++++ Provided material

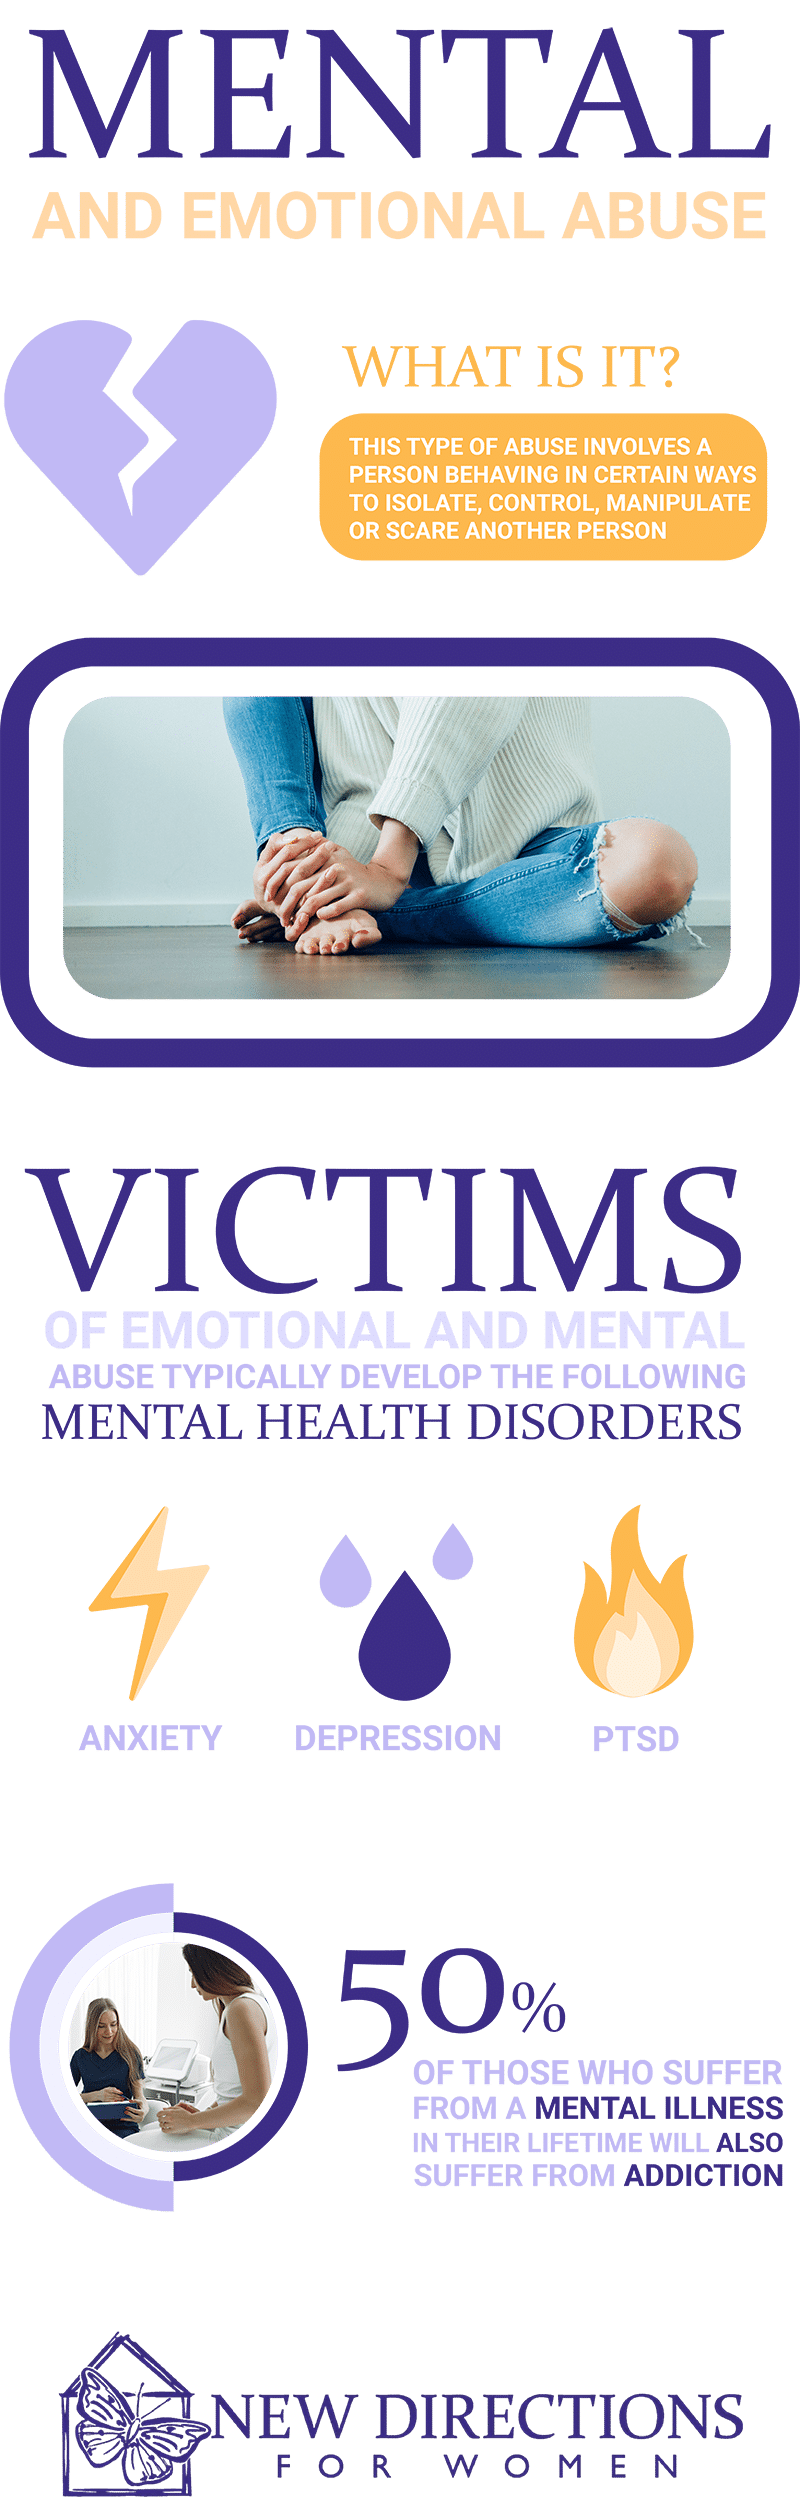 Addiction and Mental Abuse: The Effects of Mental, Emotional, and Psychological Abuse
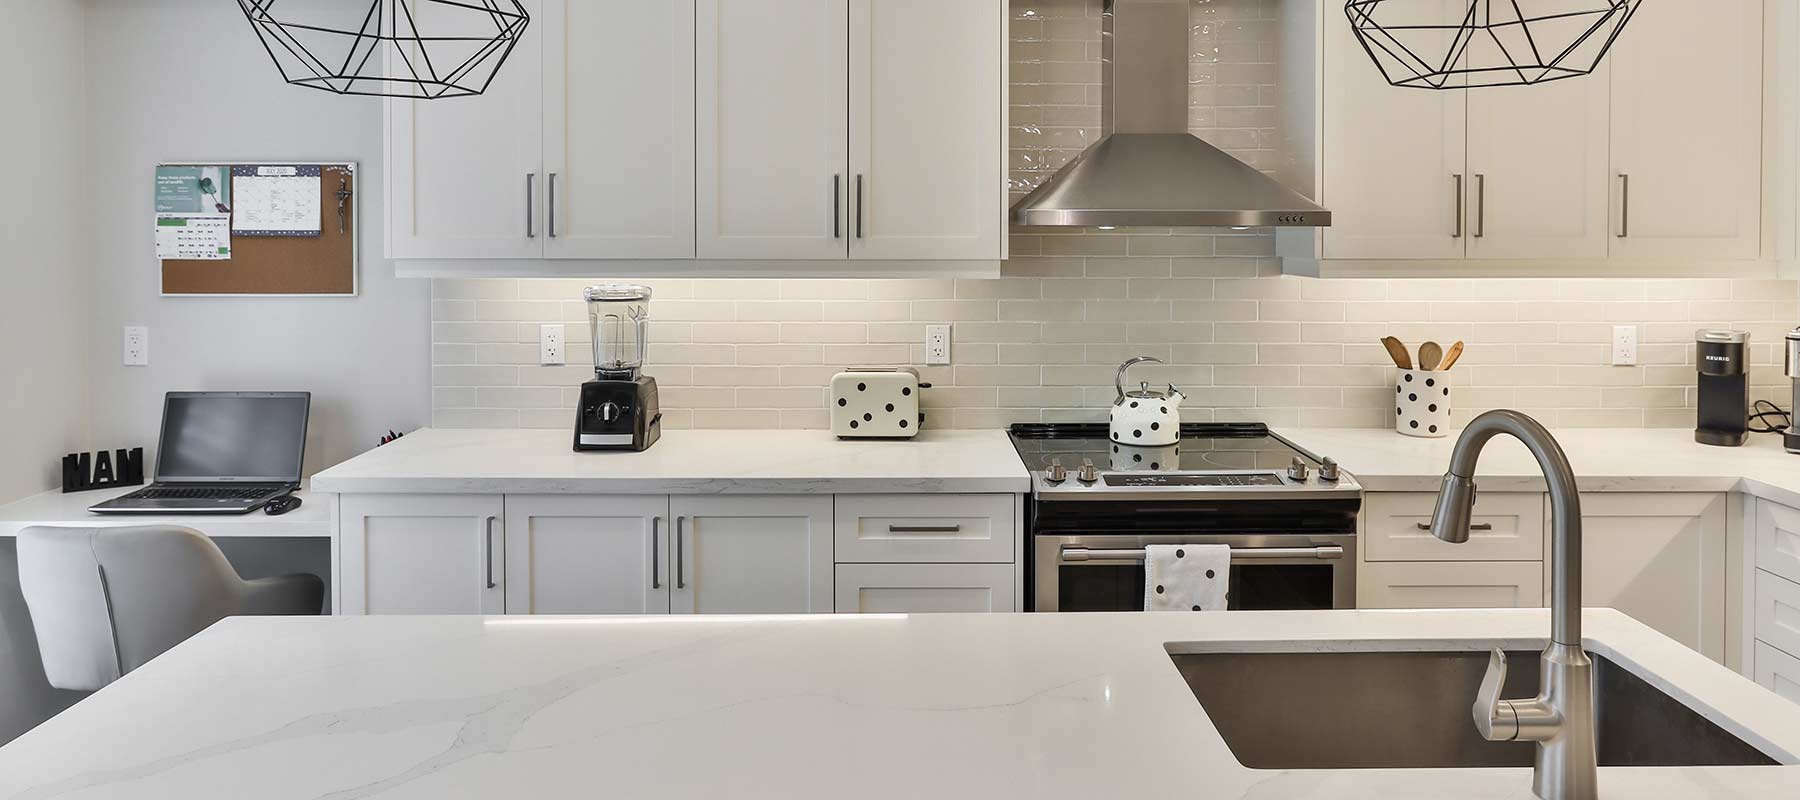 kitchen with polkadot accents
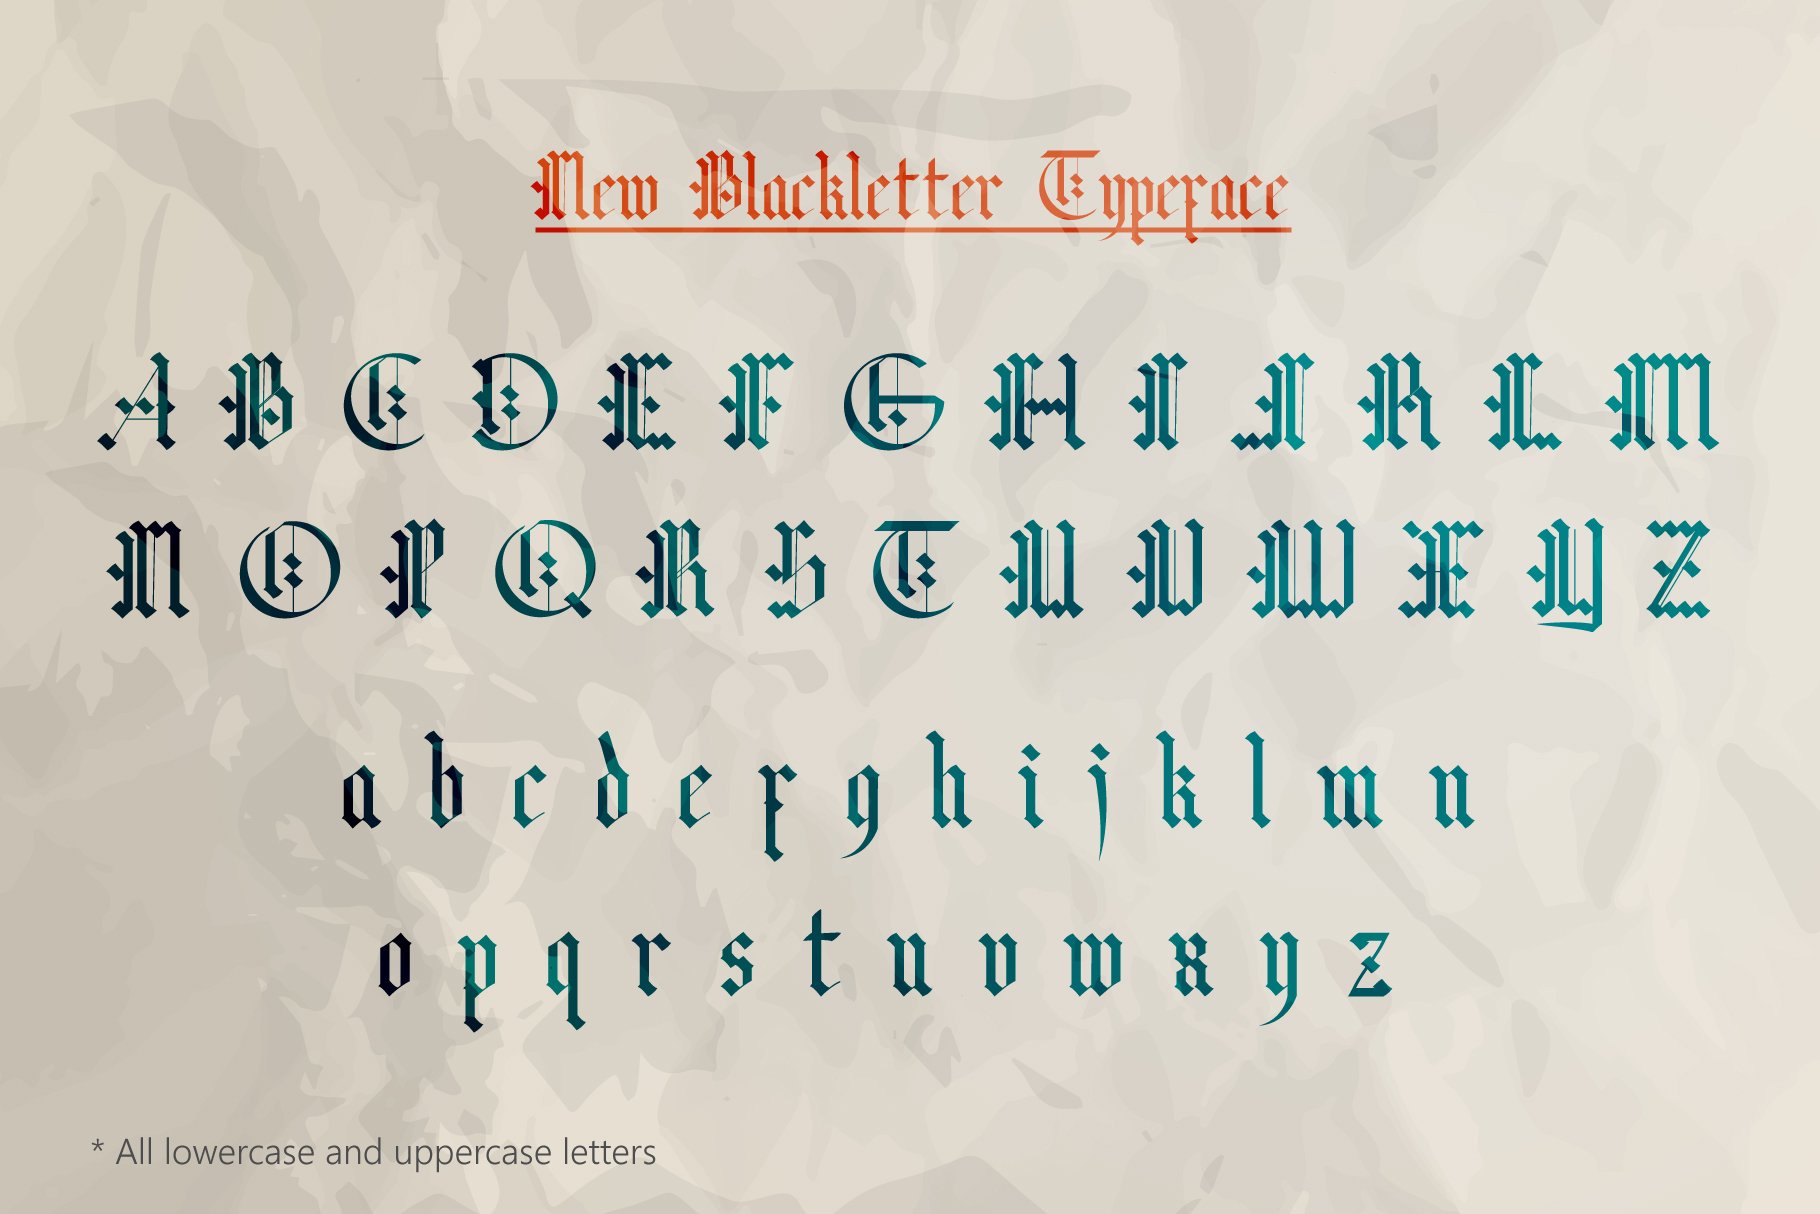 New Blackletter Typeface font. preview image.

++++++++

Retype verbatim only the lines beginning with the line that contains "kitchen with polkadot accents" and ending with the last line of the listing above; pictures are to be excluded.

 kitchen with polkadot accents
 New Blackletter Typeface font. preview image.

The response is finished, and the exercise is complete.